Consider an example of a fully granular RDF graph of data representing roads, intersections, transportation routes, vehicles in general, particular kinds of vehicles (trucks, cars, etc), including full details of the vehicles such as general details (size, weight, number of wheels, passenger capacity, load capacity, etc), drivetrain details, chassis details, interior details, suspension details, electronic details, etc.
This full set of data contains data useful for multiple different domain use cases but any particular domain use case is not going to want to think of everything in a fully granular fashion.
A geographic domain use case may focus primarily on the locations of roads and intersections (not worrying about non-germane characteristics of them) and only consider routes and vehicles at a secondary level, not worrying at all about specific details of the vehicles.
A cargo transportation domain use case may focus primarily on routes and specific types of vehicles possibly including relevant vehicle details but only as part of the vehicles themselves.
Basically, depending on the domain use case, different classes may be considered of primary focus and could be considered domain object classes while other classes are only secondary or tertiary and could be considered non-domain object classes.
When structuring the graph for any such domain use case it is desirable and more practical for the domain graph to only consist of domain object class instances and object properties. Any non-domain object classes and datatype properties would be considered internal adornments on the domain objects. Such graphs are often described as property graphs rather than semantic graphs (fully granular).

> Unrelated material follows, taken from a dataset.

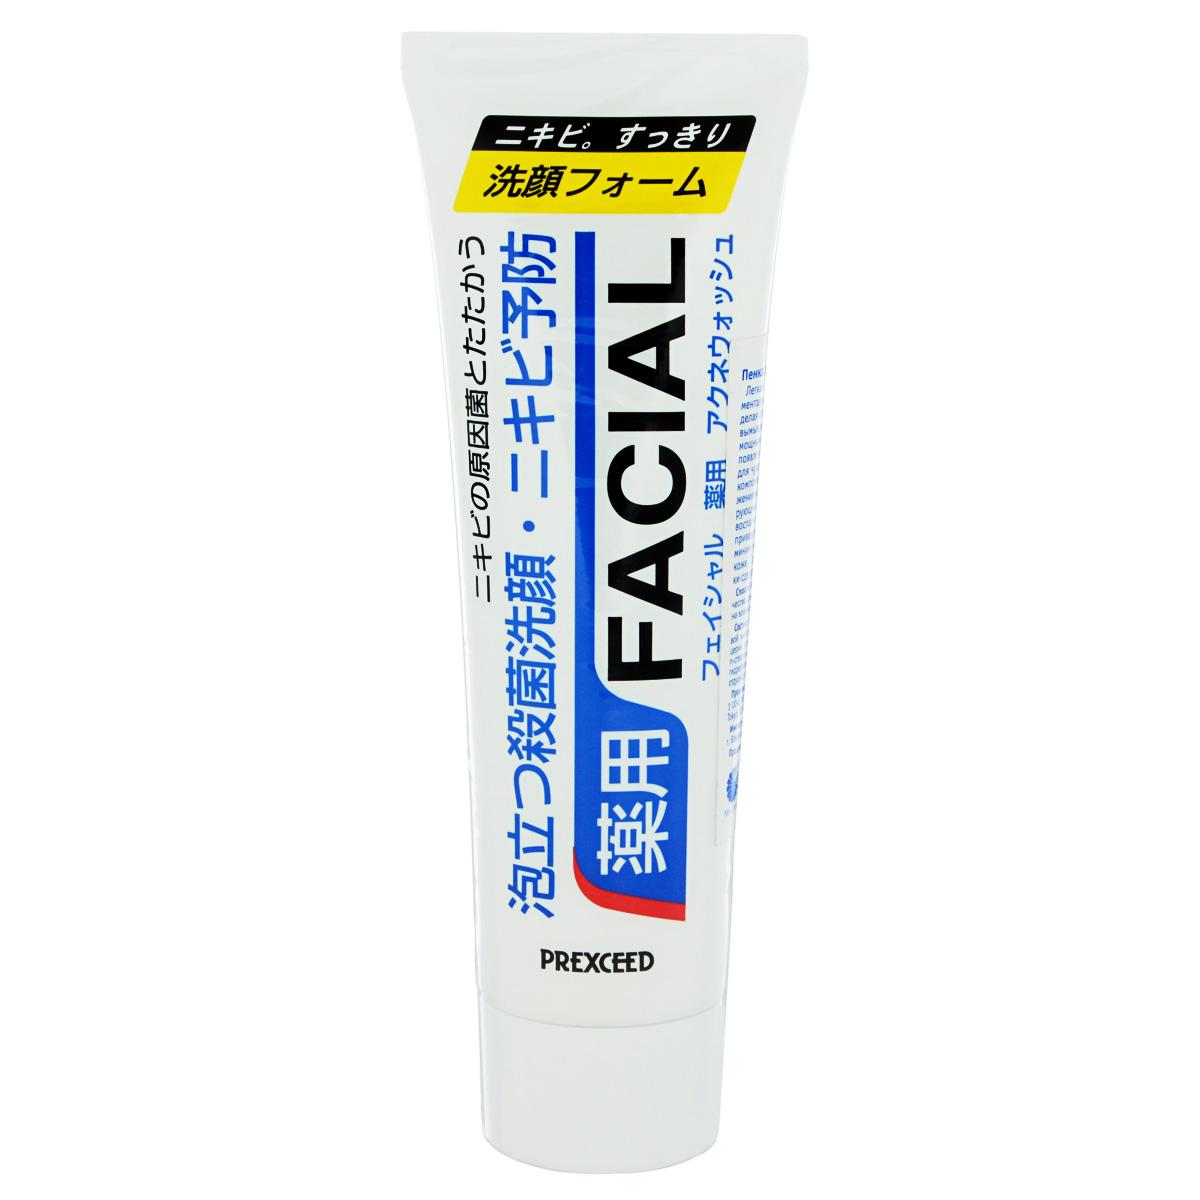 Yanagiya Пенка для умывания для проблемной кожи 140г пенка для умывания с антибактериальным эффектом skinlife 130 г

Imagine UCO content expressing that a person John Smith is located at 5th Ave in New York City. An RDF graph of this would look like:
In the UCO RDFS/OWL/SHACL ontology, all classes are defined as subclasses of the UcoThing
class to provide a simple scoping of UCO defined “things”.
Within this scope, classes are defined for any relevant domain concept (domain objects) as well as for any structured concept characterizing some aspect of a domain concept (non-domain objects). To provide clear delineation between these, two disjoint subclasses of UcoThing
are defined: UcoObject
(for domain objects) and UcoInherentCharacterizationThing
(for non-domain objects).
UcoInherentCharacterizationThing
classes inhere in UcoObject
classes; this implies that for a UcoInherentCharacterizationThing
concept to exist, it is dependent on the existence of the UcoObject
concept that bears the UcoInherentCharacterizationThing
characterizing it. For example, when destroying a red car, the car as bearer for the red color is removed and with it, its red color disappears. Note that the reverse is not true; UcoObject
instances are not existentially dependent on UcoInherentCharacterizationThing
instances, and, thus, cannot inhere in them. Note further that, although the example suggests that UcoInherentCharacterizationThing
instances are compulsary for UcoObject
concepts, this is not the case.
Domain concept classes (e.g., File, Action, Identity, Location, Device, etc.) are defined as subclasses of the UcoObject
class. Non-domain concept classes characterize domain concept classes and are defined as subclasses of the UcoInherentCharacterizationThing
class. Domain concept classes represent the things whereas non-domain concept classes represent the thing’s characteristics. The disjointness between them follows from the fact that the thing can never be the same as its characteristics.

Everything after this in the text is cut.